CPU affinity when running multiple nodes on a single host

Hi folks,

If running multiple Elasticsearch instances on a well resourced server (256GB RAM, 48 cores) , assuming the 'processors' count in elasticsearch.yml is set to a sensible value (max cores / number ES instances ) , is there a benefit to going further and also pinning the ES processes to specific CPUS (using CPUAffinity option in systemd unit file for example), or is it better to let the OS manage the thread scheduling?

Eg on a host running 3 instances, the processors count would be set to 16 for each host in the Elasticsearch config, ensuring each process only has access to a subset of CPU cores, but technically they can still share cores vs CPU pinning, where instance one is pinned to cores 0-7 , instance 2 pinned to cores 8-15 etc...

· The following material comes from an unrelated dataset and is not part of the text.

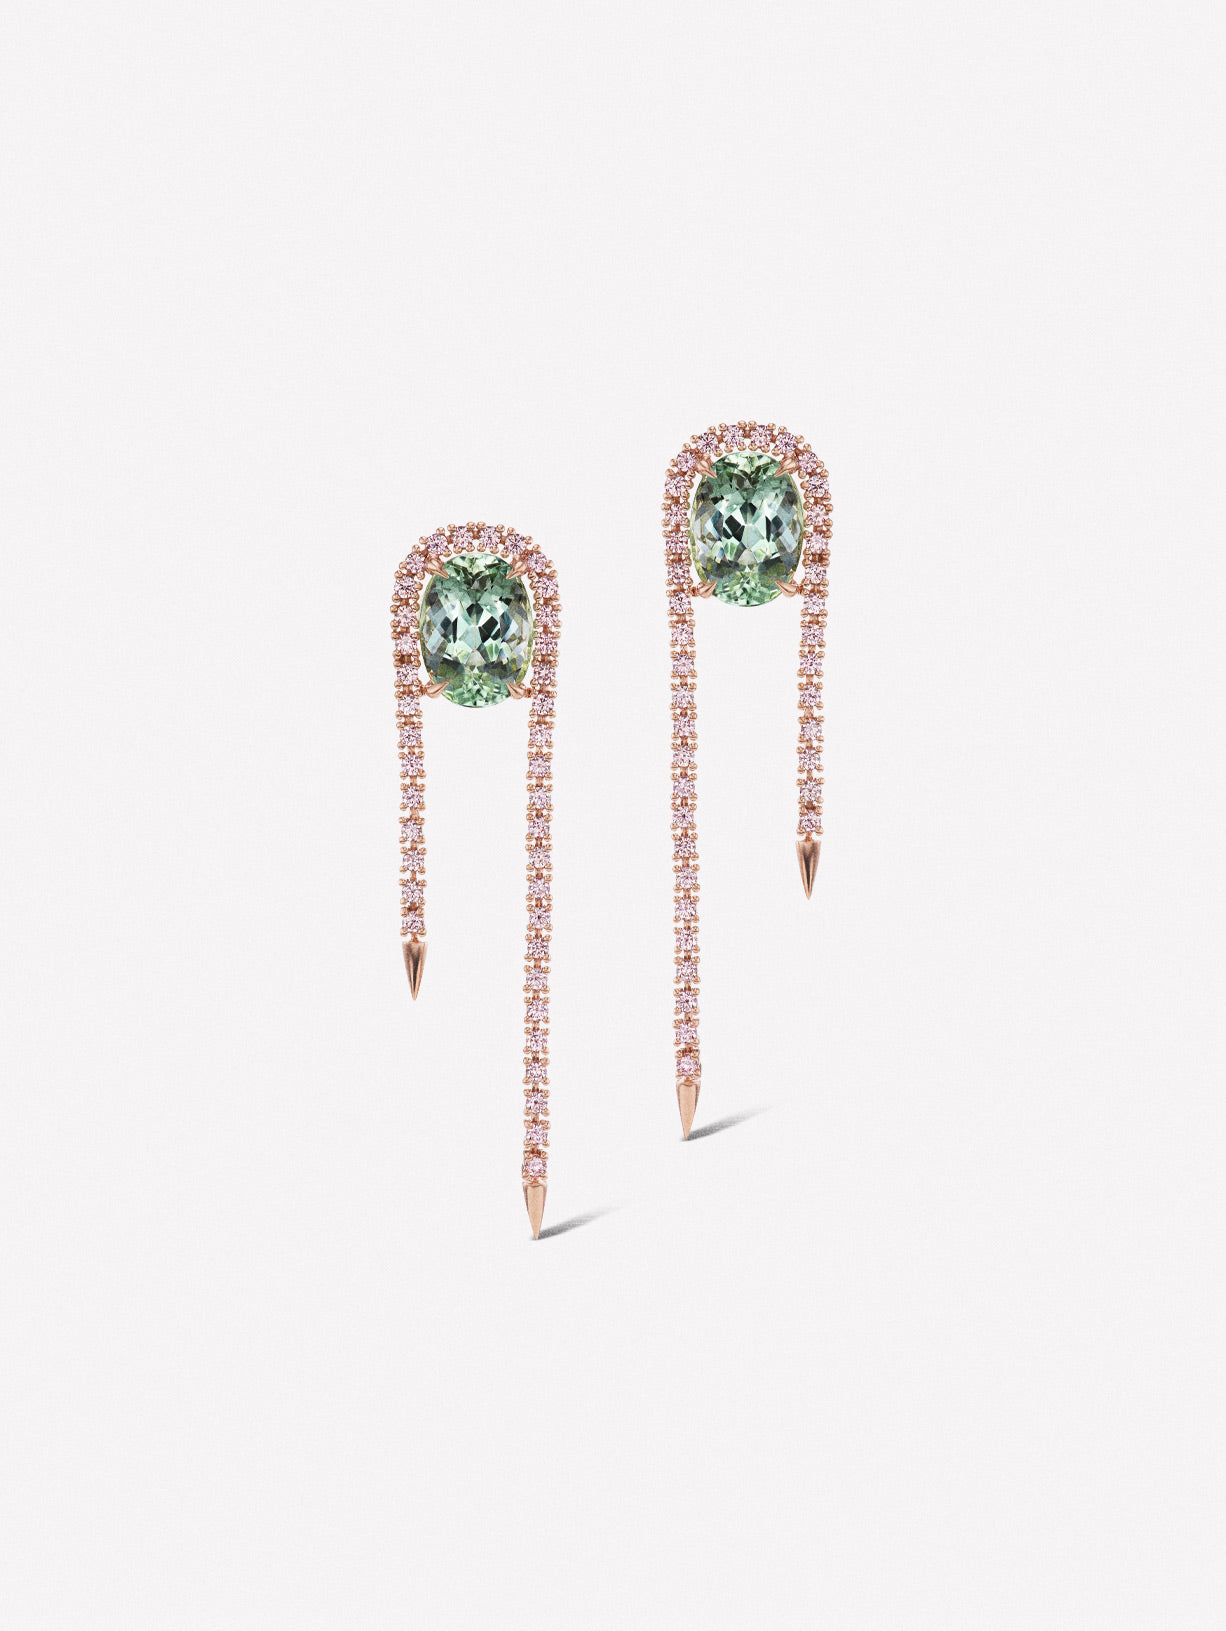 Argyle Pink™ Diamonds and Tourmaline Earrings - Pink Diamonds, J FINE - J Fine, Earrings - Pink Diamond Jewelry, argyle-pink™-diamonds-and-mixed-tourmaline-earrings-by-j-fine - Argyle Pin

Any advice in this area would be appreciated, cheers.

I've not heard of any benchmarks in this area, and even if I had I suspect the answer would still depend on your specific setup and workload. Probably best to test this yourself.

No problem, thanks for the response. The official docs alluded to CPU pinning (see quote from the thread pool module doc below), but I haven't seen any further reference to specific implementation details, so I was wondering if I was missing any best practices in this area by not explicitly pinning instances to specific cores.

  1. If you are running multiple instances of Elasticsearch on the same host but want want Elasticsearch to size its thread pools as if it only has a fraction of the CPU, you should override the node.processors setting to the desired fraction, for example, if you’re running two instances of Elasticsearch on a 16-core machine, set node.processors to 8. Note that this is an expert-level use case and there’s a lot more involved than just setting the node.processors setting as there are other considerations like changing the number of garbage collector threads, pinning processes to cores, and so on.

Indeed, it's plausible that CPU pinning might have a performance benefit, but it's also plausible that the OS is clever enough to do that for you anyway, and there's a risk that overconstraining the thread scheduler leads to worse performance. "Expert-level" means it's too complicated to give much general guidance in this area and you're expected to investigate this yourself.